1. My own inadequate preparation and capacity in the initial stages of my ordained ministry.

2. The ubiquitous awful Catholic preaching (which is often neither catechetical nor spiritual and at times completely perplexing or bereft of any sense at all). Take for example the consistently very poor and uninspiring preaching of the EWTN religious (without intending any personal offense to any of them or to their Order or to that incredible evangelical television and radio international network; they may be very holy, for all I know, but their preaching is far from stellar and therefore quite unfitting for such widespread transmission).

3. The centuries old Catholic tradition distinguishing between a Mass priest, a Confessor and a Preacher. Until the liturgical reform in the last century many priests did not preach at Mass. Preaching was done only on Sundays and Feast Days, often even outside of Mass (hence, when occurring in the context of the Mass, the sign of the cross before and after the Sermon and leaving the sanctuary, the maniple left on the Missal at the altar), and then typically by the Pastor of the Parish or by another designated preacher.

I should like to make the case that preaching is a priestly specialization and not just a right or capacity that comes automatically from ordination where they just throw you in however you do it, even if poorly. It seems to me that this is an area where we could heavily use those who are good at it and should forbid those who are not. We should be much more selective, and everyone would benefit. In this case less is more! In his recent Apostolic Exhortation Evangelii Gaudium Pope Francis rightly lamented the sorry state of Catholic preaching and did even exhort all priests to greater brevity, focus, and clarity. Perhaps what we need is less priests experimenting with it and reserving it to the most expert! The model that the celebrant automatically has to have something to say is at least presumptuous, an abuse and harmful to the liturgy.

I would say that as a general guideline every priest should teach basic Catechism--viz. the Penny Catechism or the Baltimore Catechism--for at least ten years before even being considered fit to enter a pulpit.

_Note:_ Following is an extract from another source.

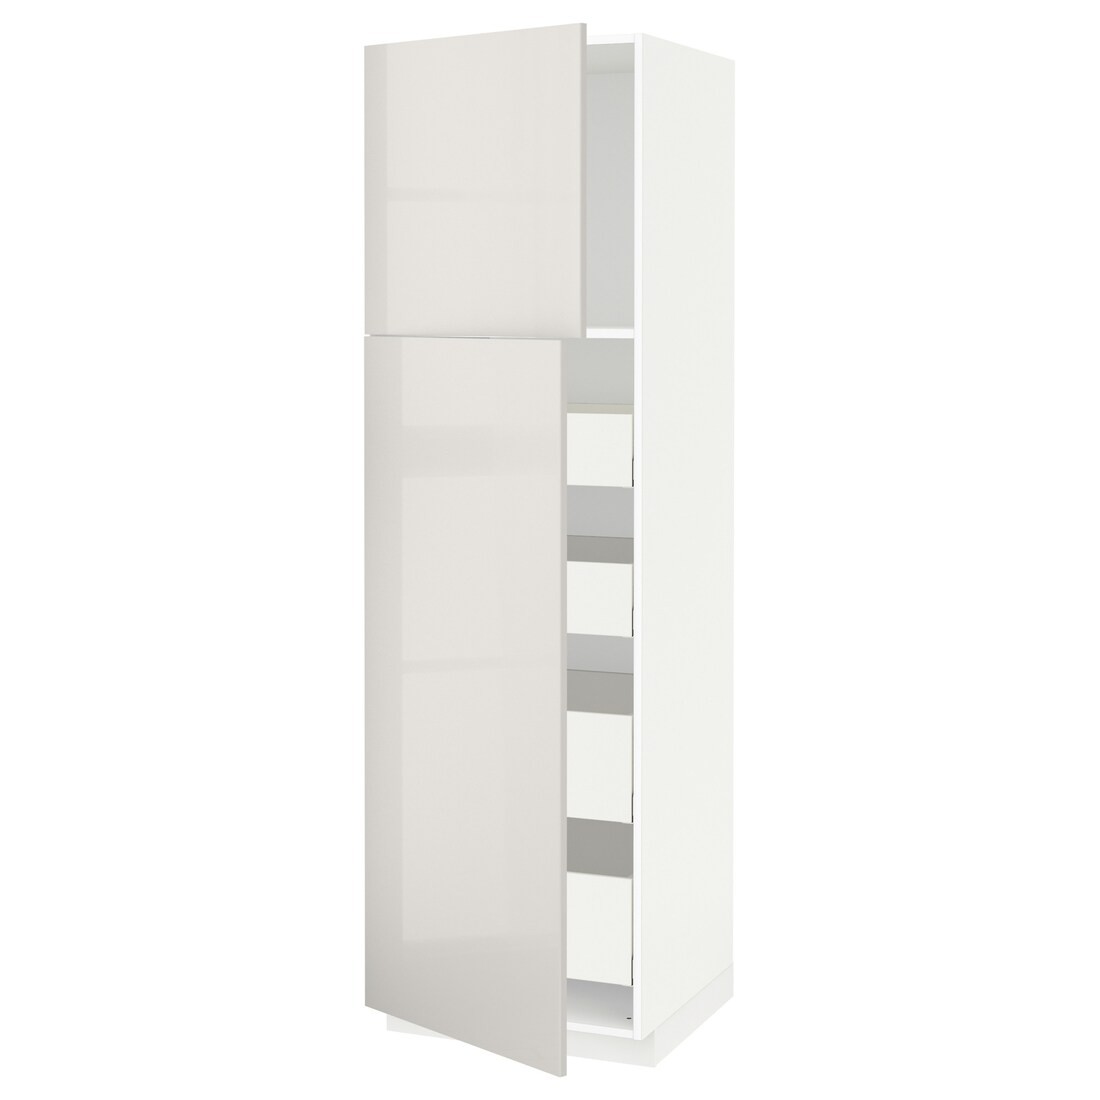 METOD МЕТОД / MAXIMERA МАКСИМЕРА Шкаф высокий 2 двери / 4 ящика, белый / Ringhult светло-серый, 60x60x200 см

N.B. Recall that Pope Benedict's first sermon as Pope was after the Mass, (and, appropriately, in Latin). It was the first time I ever saw a priest say Mass and not preach during it but only after it (fully vested). Was not apparently uncommon before Vatican II. After having said the Extraordinary Form Mass I must say that preaching does disrupt the transcendental rhythm of the Liturgical movement and is therefore better left for the end instead of the exit and reentry of the old form. In the Ordinary Form of the Mass it does not disrupt the transcendental focus because that is already disturbed throughout (e.g. versus populo). This modern emphasis on the homily as essential to the Mass is part of the Protestantized over-emphasis on the horizontal element in the Mass to the detriment of the transcendental.

I would suggest that for starters every priest should abstain from preaching at least one ferial Mass per month, in reparation for all the bad preaching!  In the Novus Ordo it might be proper, to fill the resulting liturgical gap, to leave a prolonged [e.g. 5 minute] period of silence). In the Ritus Antiquor no preaching flows quite naturally.

This entire reflection comes to me after an academic year in Rome of saying (most often public) daily and Sunday Masses, without preaching. It is actually the particular law of the diocese of Rome that priests in residence in Rome are not allowed to preach or hear confessions unless they have the Celebret of the diocese of Rome (which I did obtain and so heard confession, but still never preached for the Fraternity Parish where I was helping did not envision a daily homily, and the Pastor or the Parochial Vicar preached on Sundays).